**TO DO**
Exact copy, no pictures: output each line below as it stands.

*** DATA ***

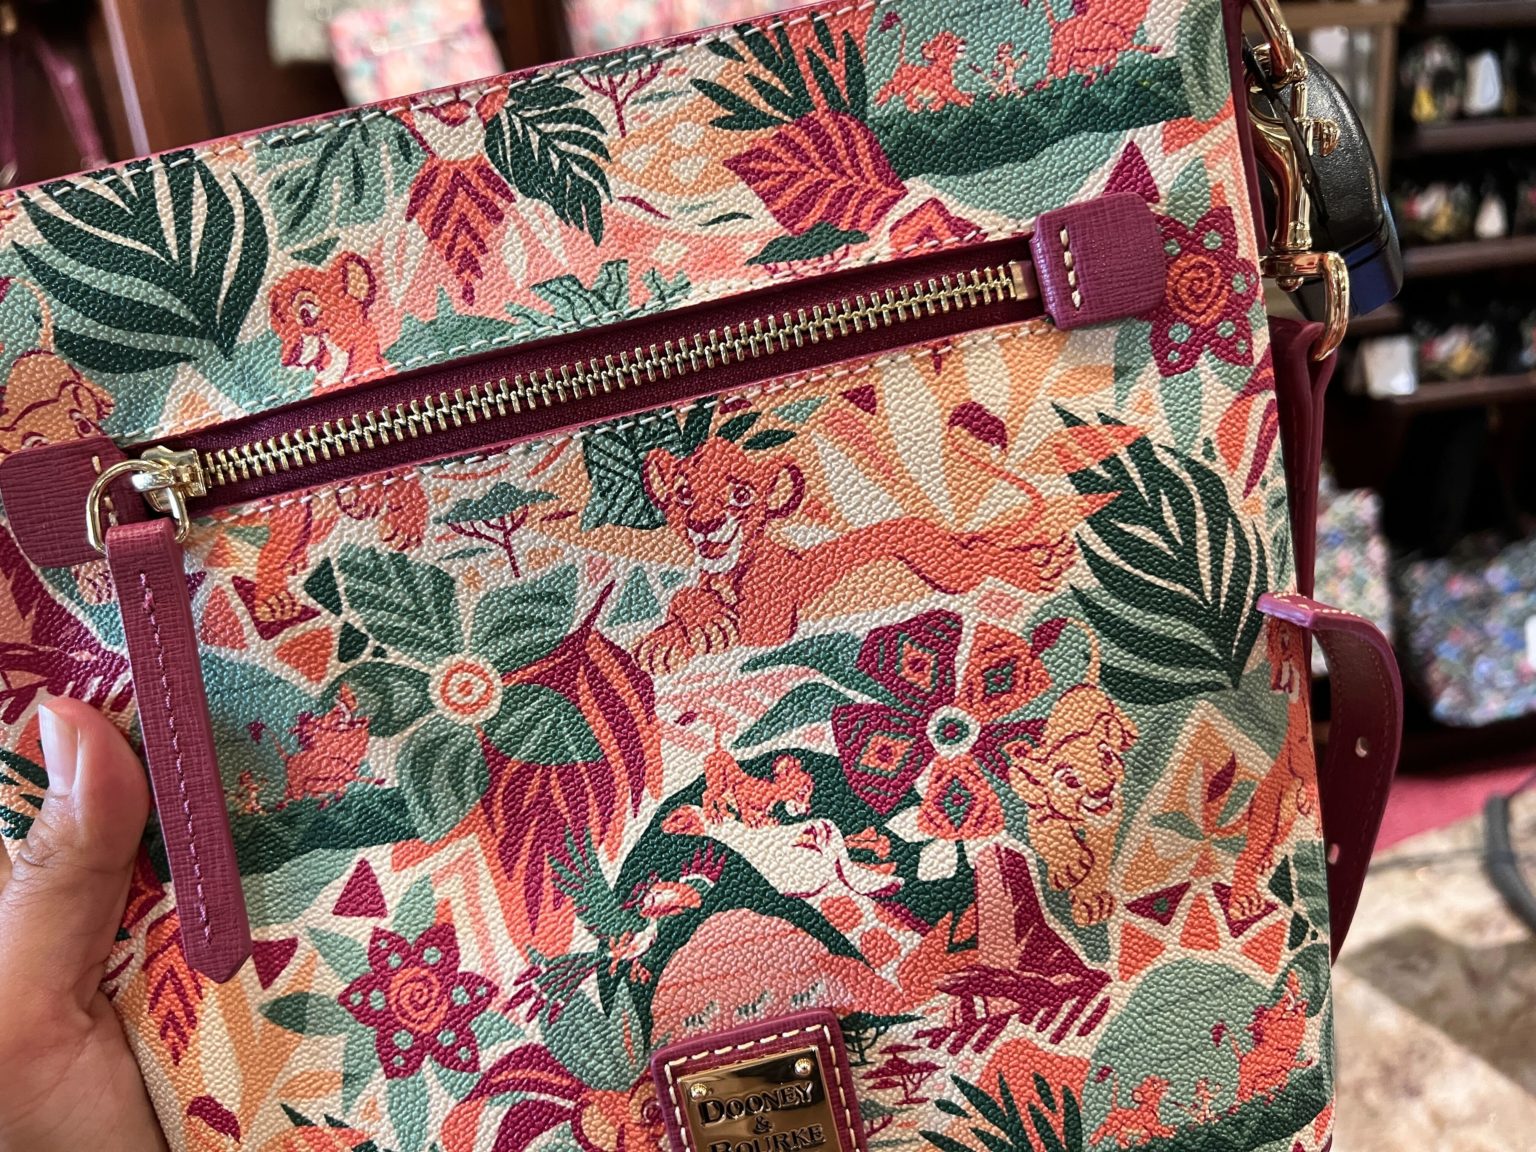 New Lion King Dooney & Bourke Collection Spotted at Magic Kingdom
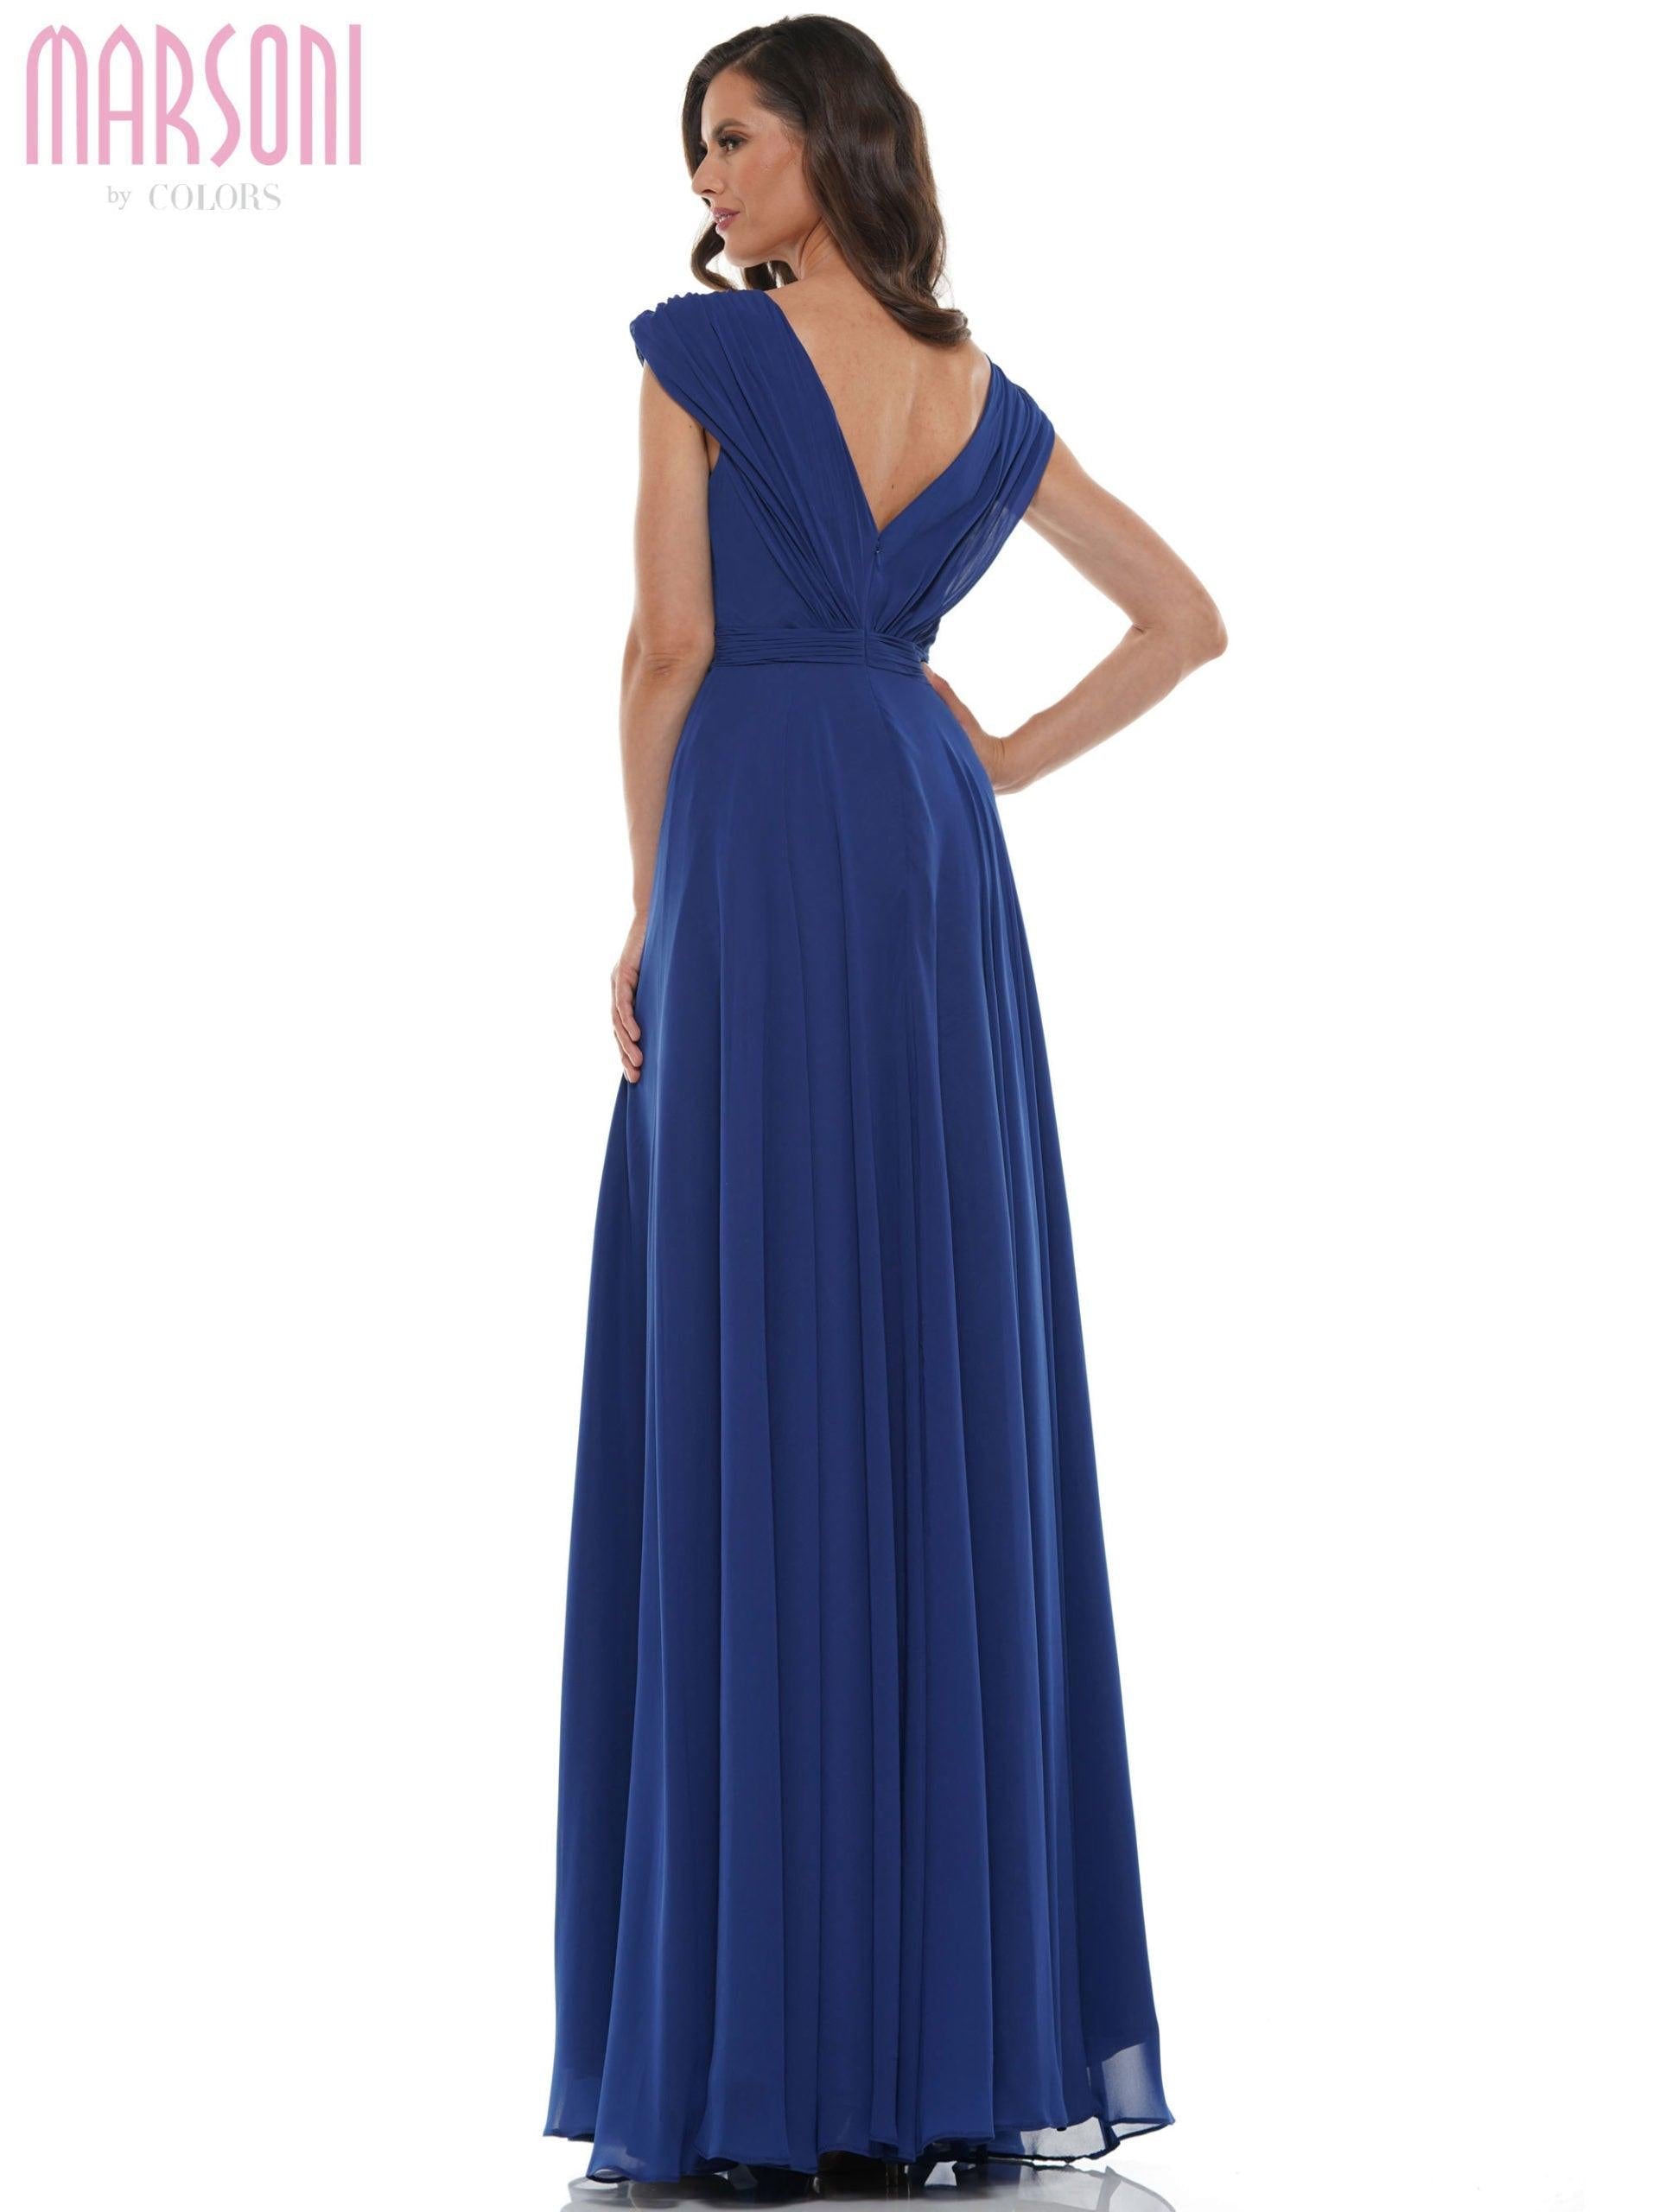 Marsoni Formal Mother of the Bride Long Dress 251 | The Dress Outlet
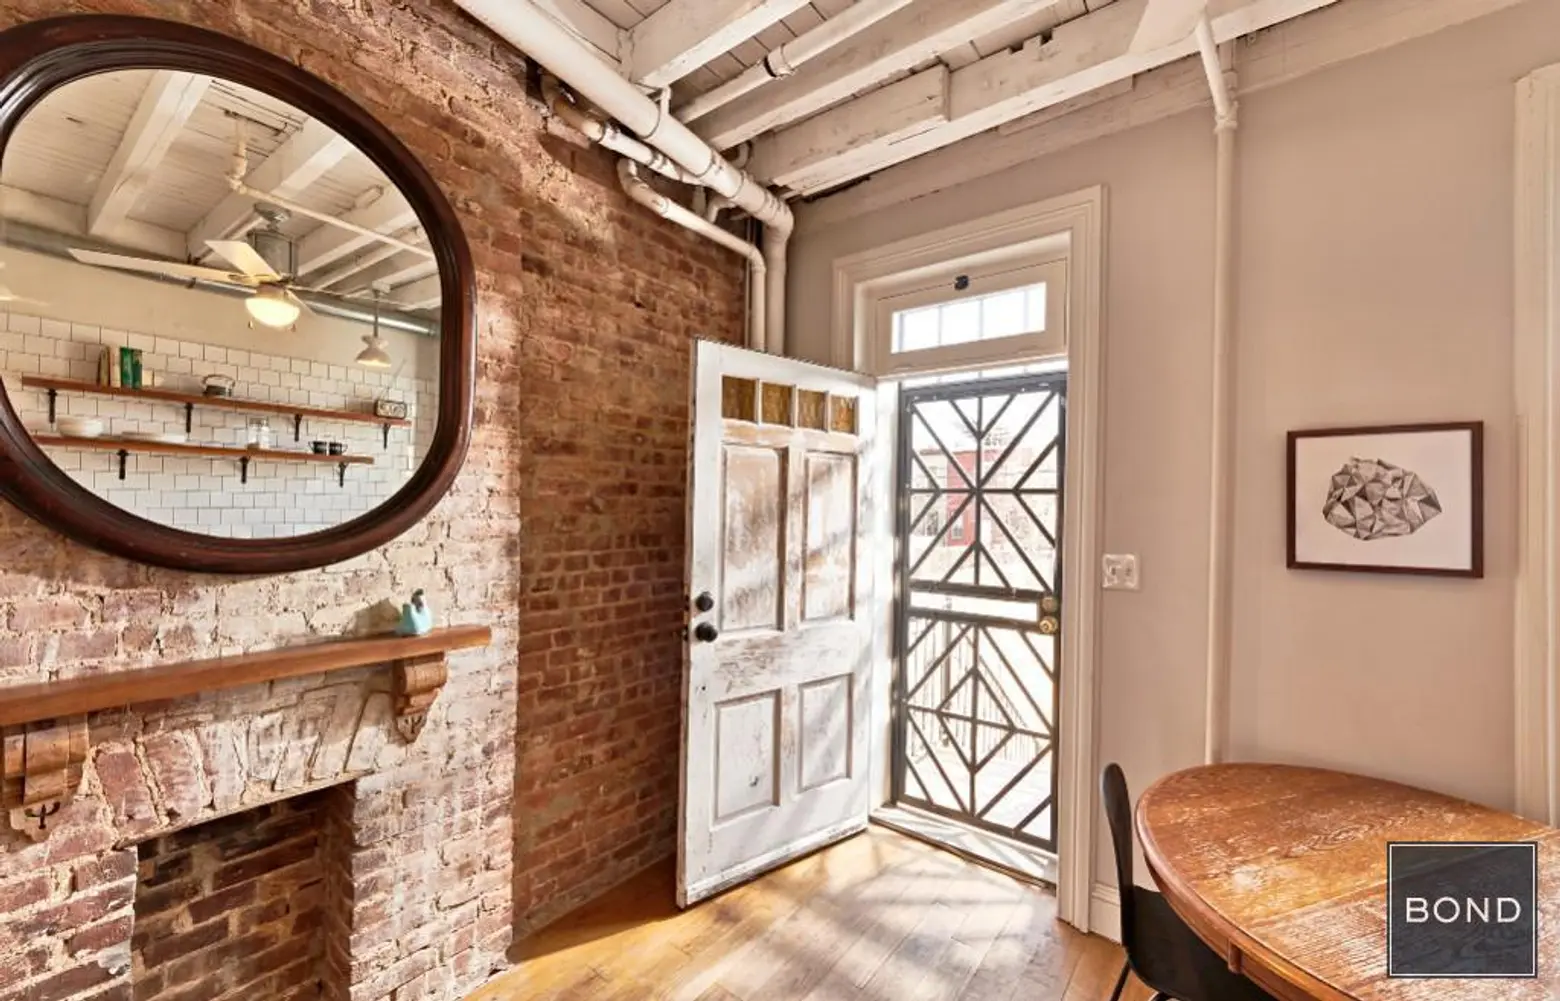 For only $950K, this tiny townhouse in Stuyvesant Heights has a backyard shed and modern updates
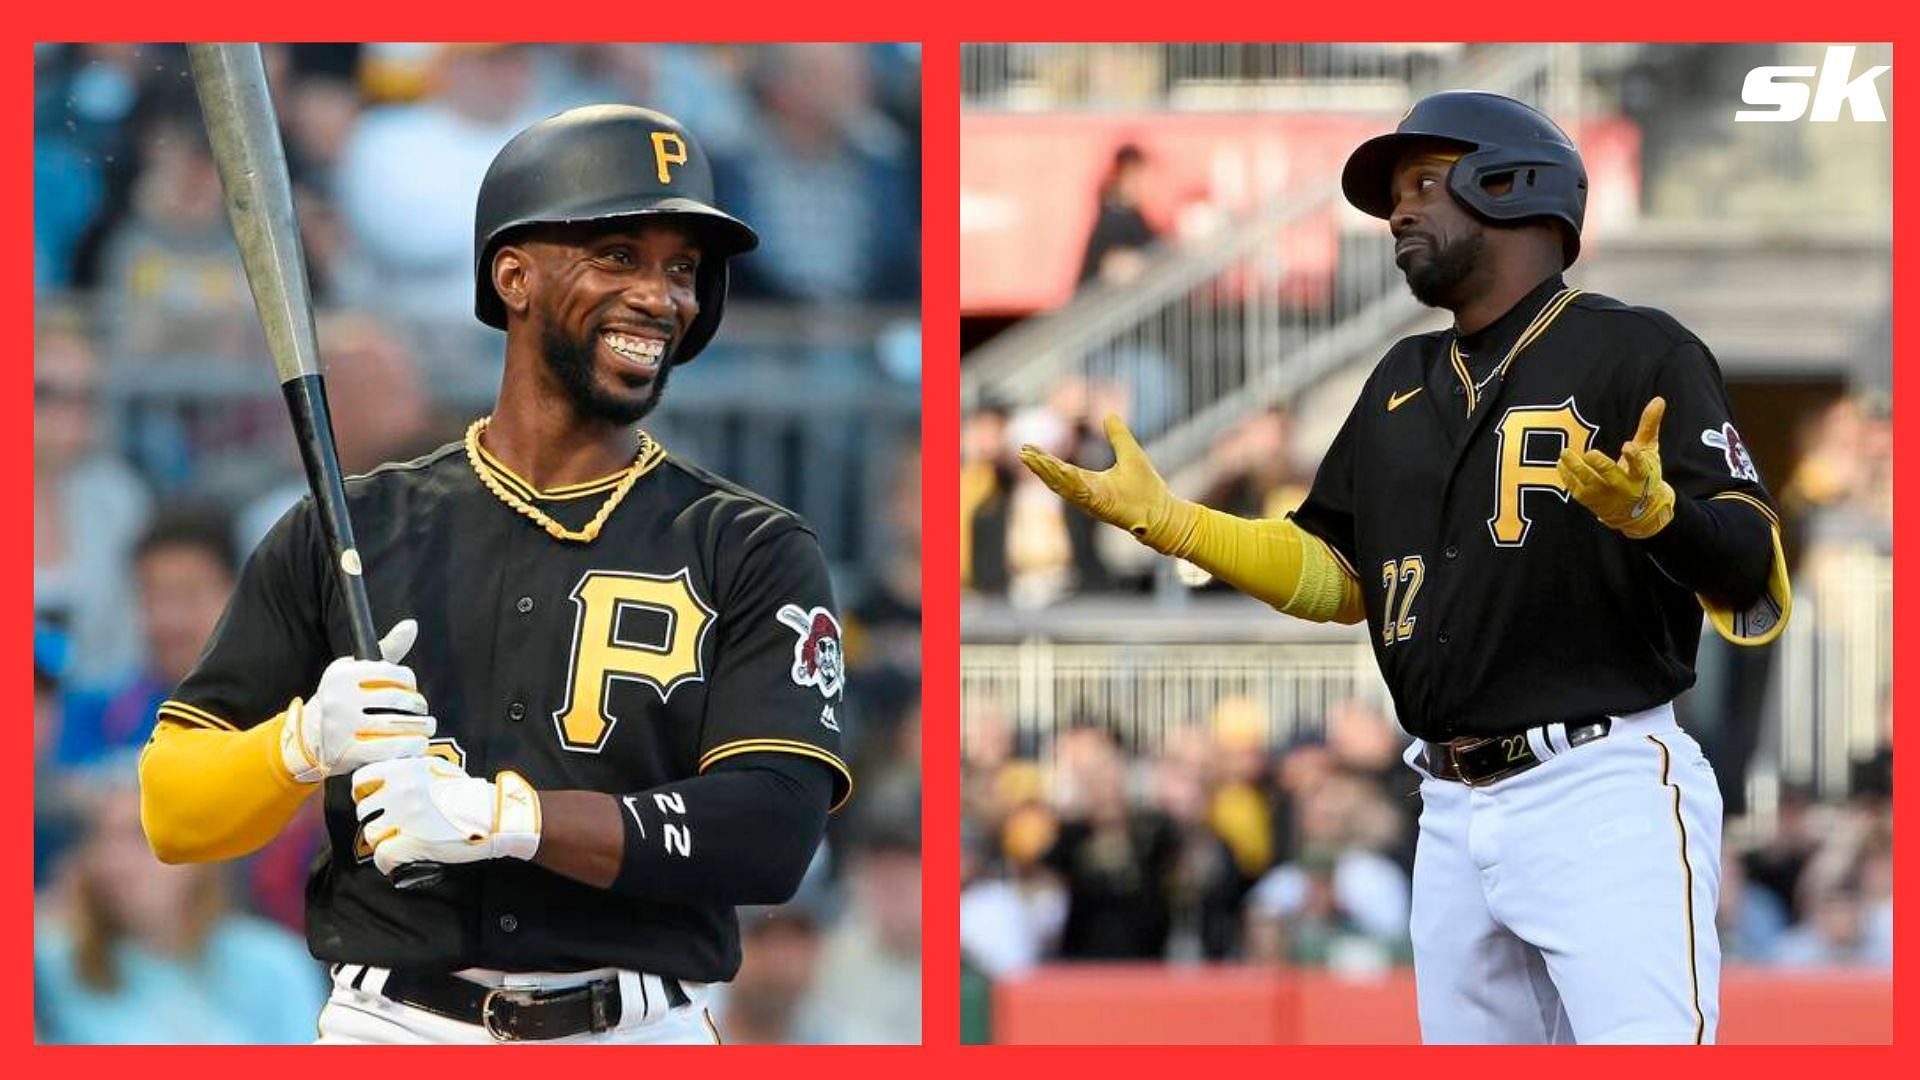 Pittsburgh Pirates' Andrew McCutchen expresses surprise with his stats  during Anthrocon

*** End of DATA ***

**RESULT OF THE EXERCISE**
 New Lion King Dooney & Bourke Collection Spotted at Magic Kingdom
 Marsoni Formal Mother of the Bride Long Dress 251 | The Dress Outlet
 For only $950K, this tiny townhouse in Stuyvesant Heights has a backyard shed and modern updates
 Pittsburgh Pirates' Andrew McCutchen expresses surprise with his stats  during Anthrocon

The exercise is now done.